10/01/2019

some kind of honest submission to life

What made me think that my poetry could add to the social and political transformations going on at the time, I don't know. And, why poetry? Because I thought then, and still do, that poetry was/is some kind of perfect speech, some way at getting at the core of things, their true meanings; some kind of honest submission to life. Why writing at all? Because somehow I figured out that words were durable, expansive, perhaps because I had understood their effects in creating what I can in another work, the "fictions" of Africans in the New World. And I understood that these fictions took place regardless of the actual, the real lives lived. Perhaps even back then as a child, a teenager, it seemed to me compelling to rewrite these fictions. In a poem in my work No Language is Neutral I called these fictions "... the hard gossip of race that inhabits these roads." And I felt that this hard gossip could only be confronted by a kind of perfect speech.

So in the seventies I went to work to learn to be a poet. There was a common understanding back then in the circles I travelled that the civil rights and human rights movement of the period needed poets; it needed preachers, organizers, workers, thinkers and poets.
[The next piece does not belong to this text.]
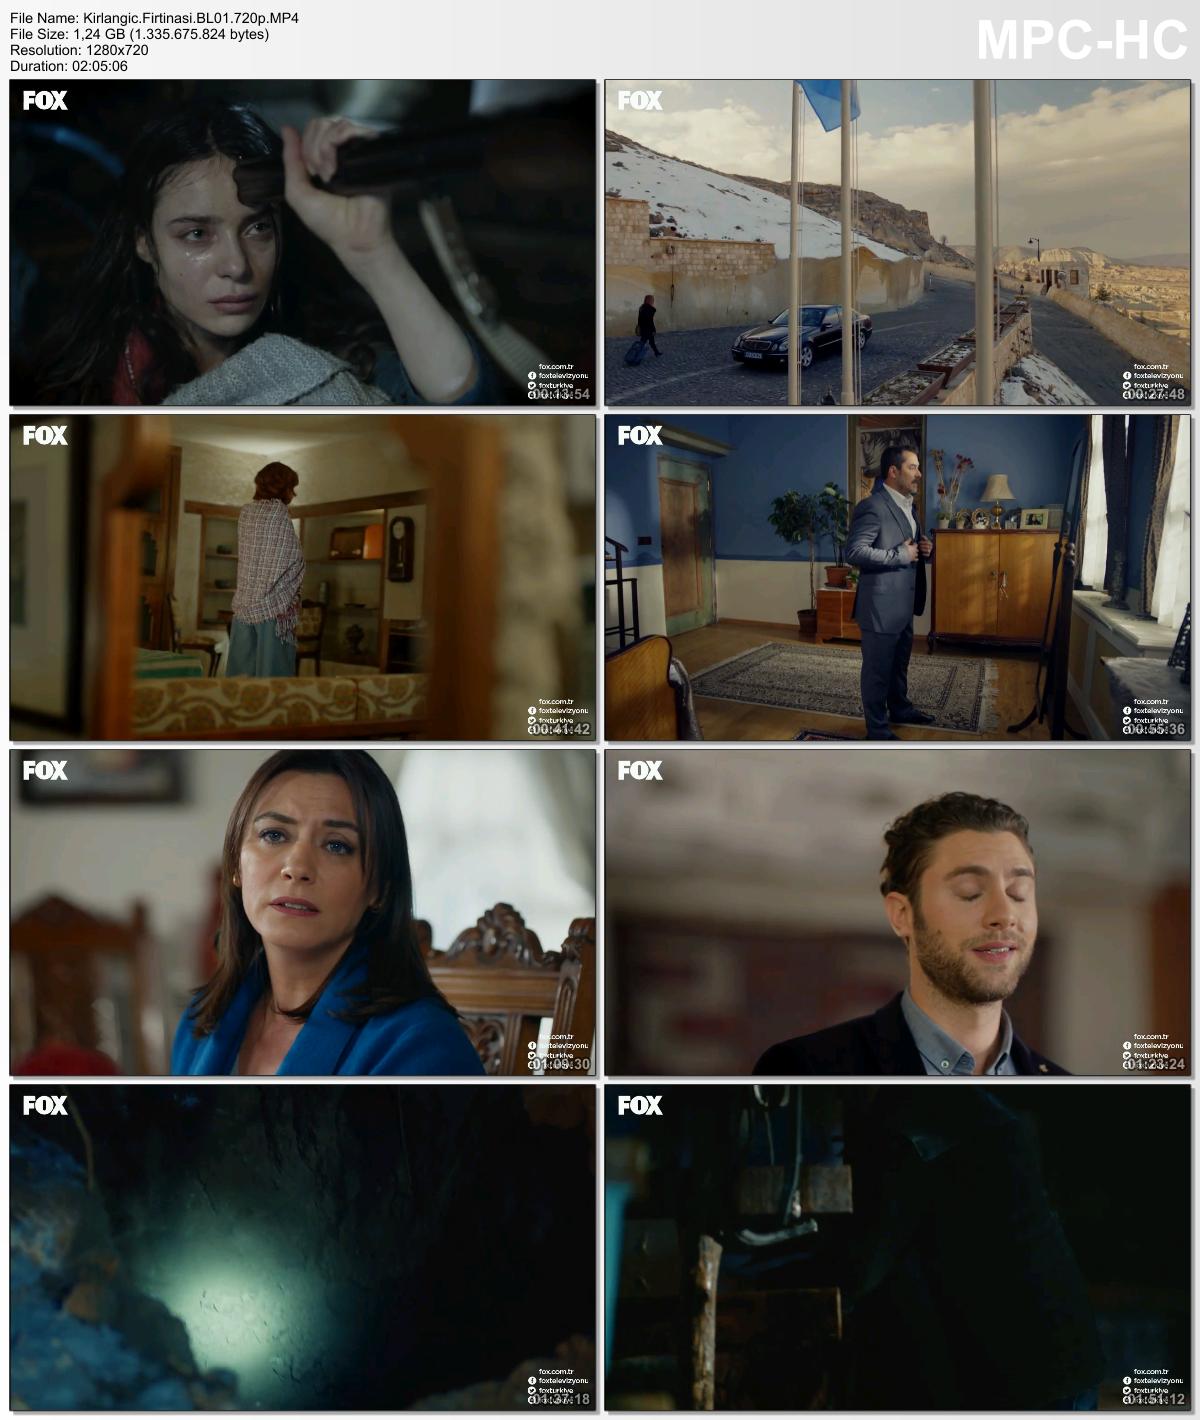 Kırlangıç Fırtınası 7.Bölüm Final (HD - x264 - 720p) Tüm Bölümler - VKRG

Again, I was lucky. To be part of a social movement, which considered poets essential, was thrilling. As we said back then, poetry was also supposed to be put to the defence of the people. The poet and revolutionary Che Guevara once said, Déjeme decirle, a riesgo de parecer ridículo, que el revolucionario verdadero está guiado por grandes sentimientos de amor. (At the risk of seeming ridiculous, let me say that the true revolutionary is guided by great feelings of love.) The well of this sentence I pondered on many nights. It watered my poetry, it helped me to think about the need for a revolution at the level of human consciousness, and it helped me to think about poetry's job in tending to the wrecked and brutalized consciousness of oppressed peoples.

- Dionne Brand, from her lecture A Kind of Perfect Speech, as published in a chapbook of the same name (Institute for Coastal Research, 2008).